Pharmaceutical Robotics Require Careful Assessment
"The automated pharmacy streamlines medication delivery from prescription to patient," Paulsen says. "It was important to develop a system that is integrated from end to end. Each step in safe, effective medication therapy—from determining the most appropriate drug for an individual patient to administering it—is contingent on the other."
The new pharmacy currently serves UCSF hospitals at Parnassus (568 licensed beds) and Mount Zion (91 licensed beds) and has the capacity to dispense medications for the new UCSF Medical Center at Mission Bay (289 licensed beds), scheduled to open in early 2015. As the phase-in continues, additional steps in the process will be eliminated as doctors begin inputting prescriptions directly into computers this year.
Once computers at the new pharmacy electronically receive medication orders from UCSF physicians and pharmacists, the robotic system will pick, package, and dispense individual doses of pills. Machines assemble doses onto a bar-coded thin plastic ring that contains all of a patient's medications for a 12-hour period. Nurses use bar-code readers to scan the medication at the bedside, verifying it is the correct dosage for the patient.
The automated system also compounds sterile preparations of chemotherapy and nonchemotherapy doses and fills IV syringes or bags with the medications. An automated inventory management system keeps track of all the products, and one refrigerated and two nonrefrigerated automated pharmacy warehouses provide storage and retrieval of medications and supplies.
Antrum cautions that hospital leaders should assess how the robotic system affects the entire process, not just the mechanical filling of the prescription.
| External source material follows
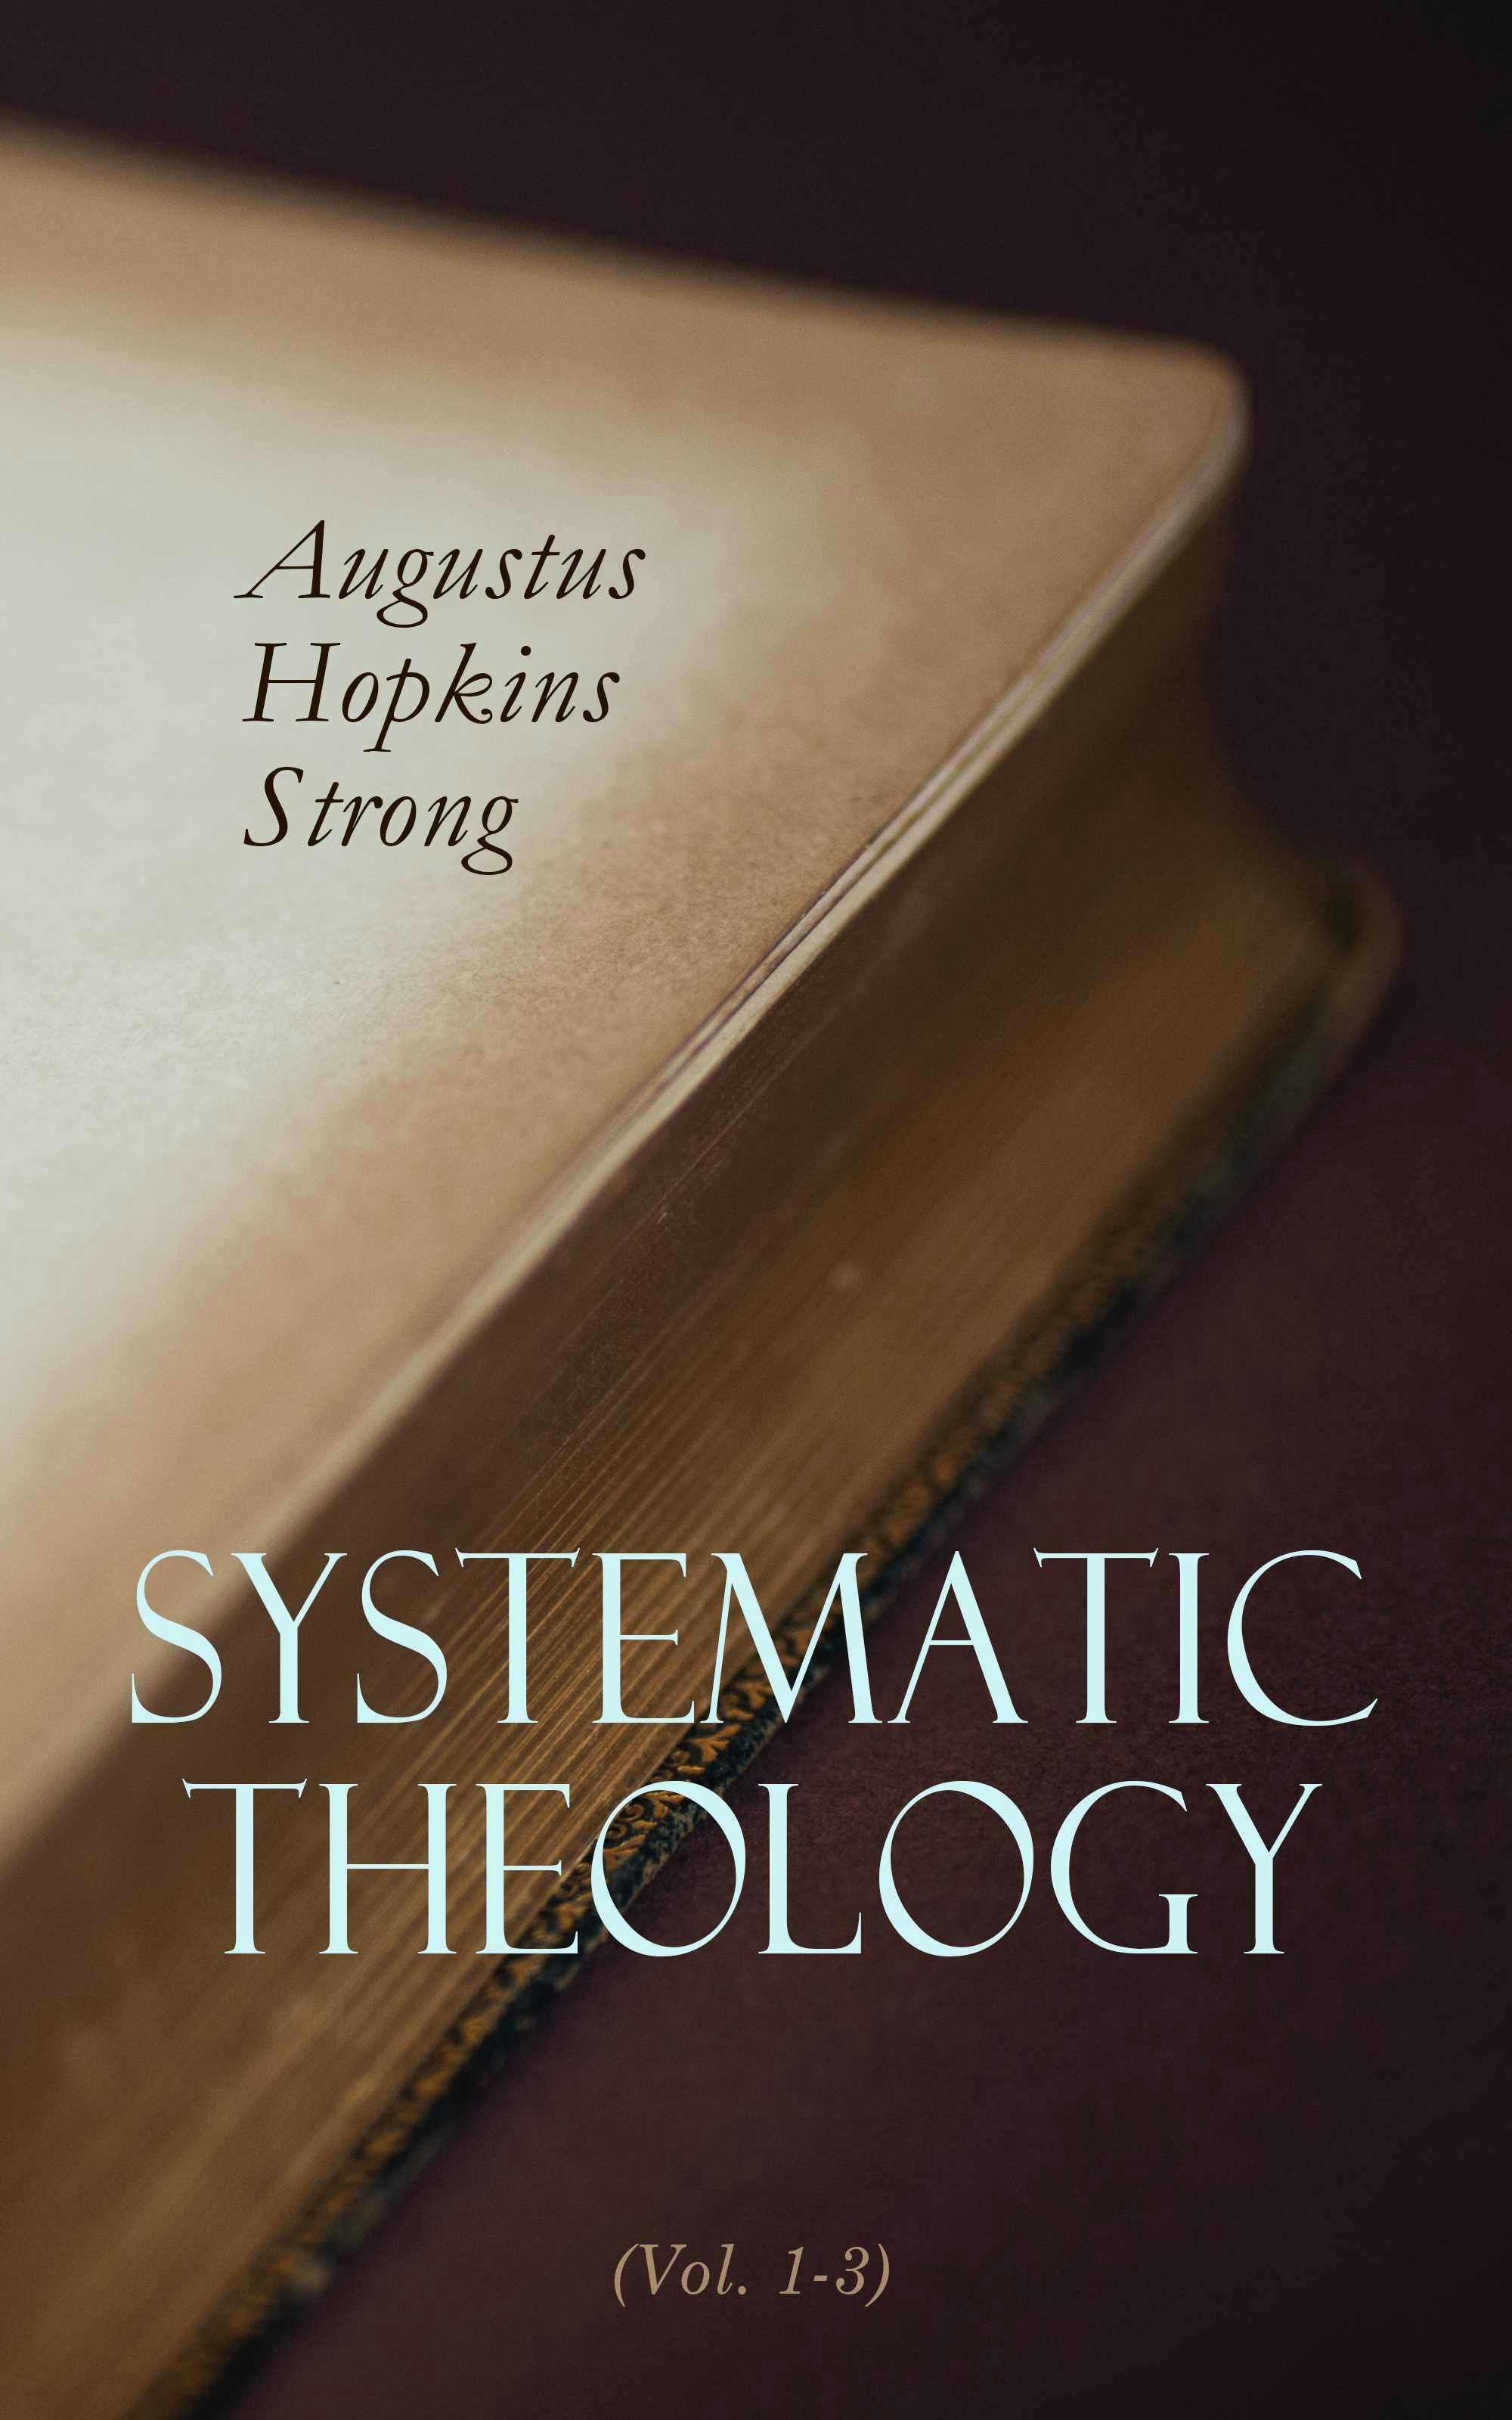 Systematic Theology (Vol. 1-3): Complete Edition - Augustus Hopkins Strong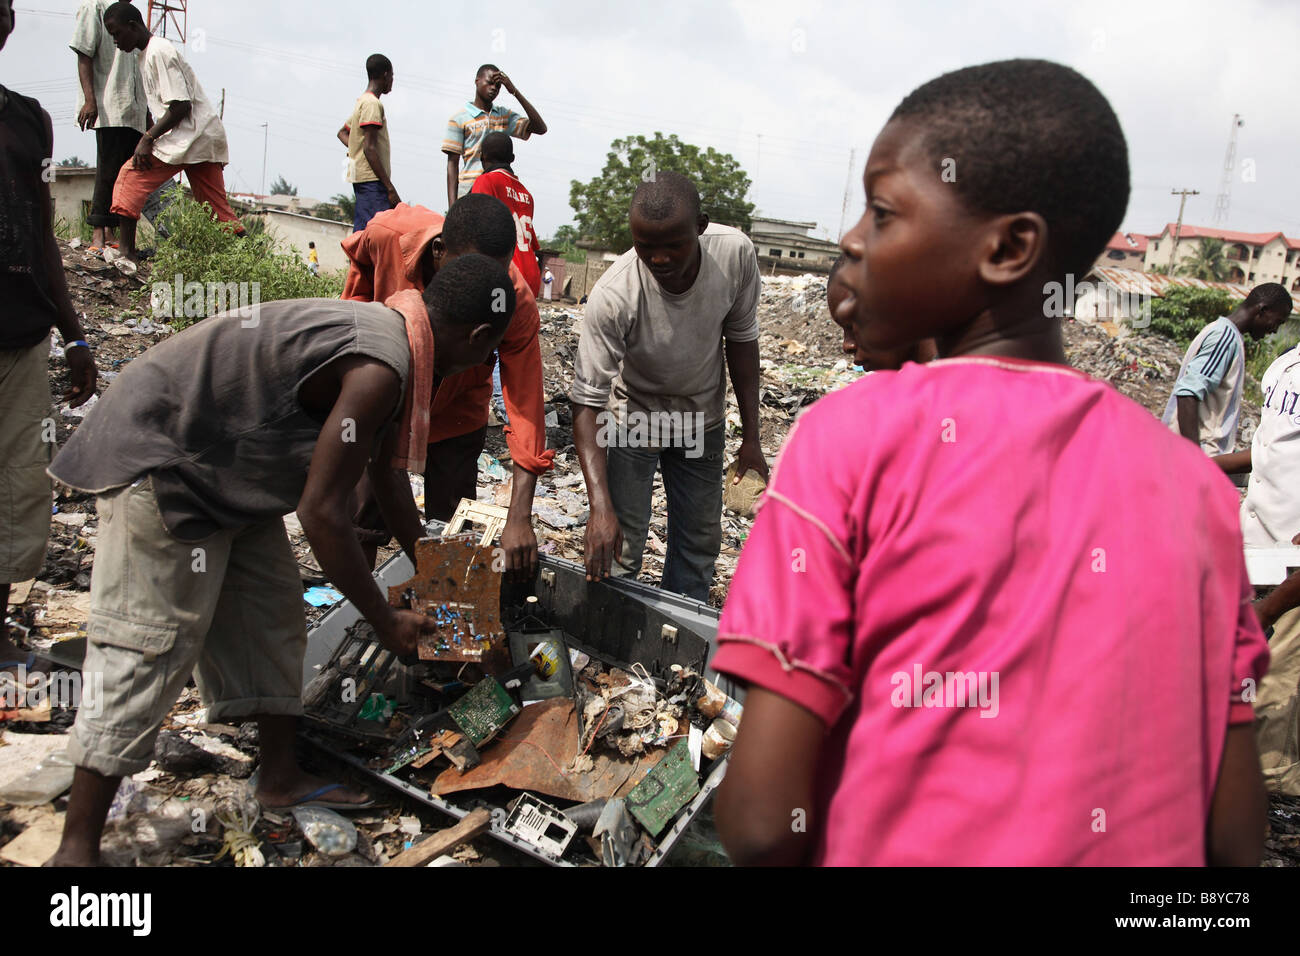 Electronic waste in Nigeria. Tons of e-waste from Western countries end up in West Africa, including Nigeria. Stock Photo

That means gauging how the use of robotics affects the delivery of medications, accuracy, and the ultimate effect on patient care, she says. She also recommends getting the end user involved in the development process.
"The main thing we've learned is that you have to figure in the culture of your workplace," Antrum says. "You have to start looking at your processes first and determining how to change them with the addition of this robotic system, rather than introducing the system and then thinking people will adapt their processes. It is vitally important to consider the workarounds that people have built into the system in order to get things done."
Training will be necessary, and Antrum cautions that the manufacturer's training may not be sufficient. The number of people you train also will be an important decision. Some providers may elect to train only certain pharmacy technicians and authorize them to use the robotics, and others will open the training to all pharmacy staff.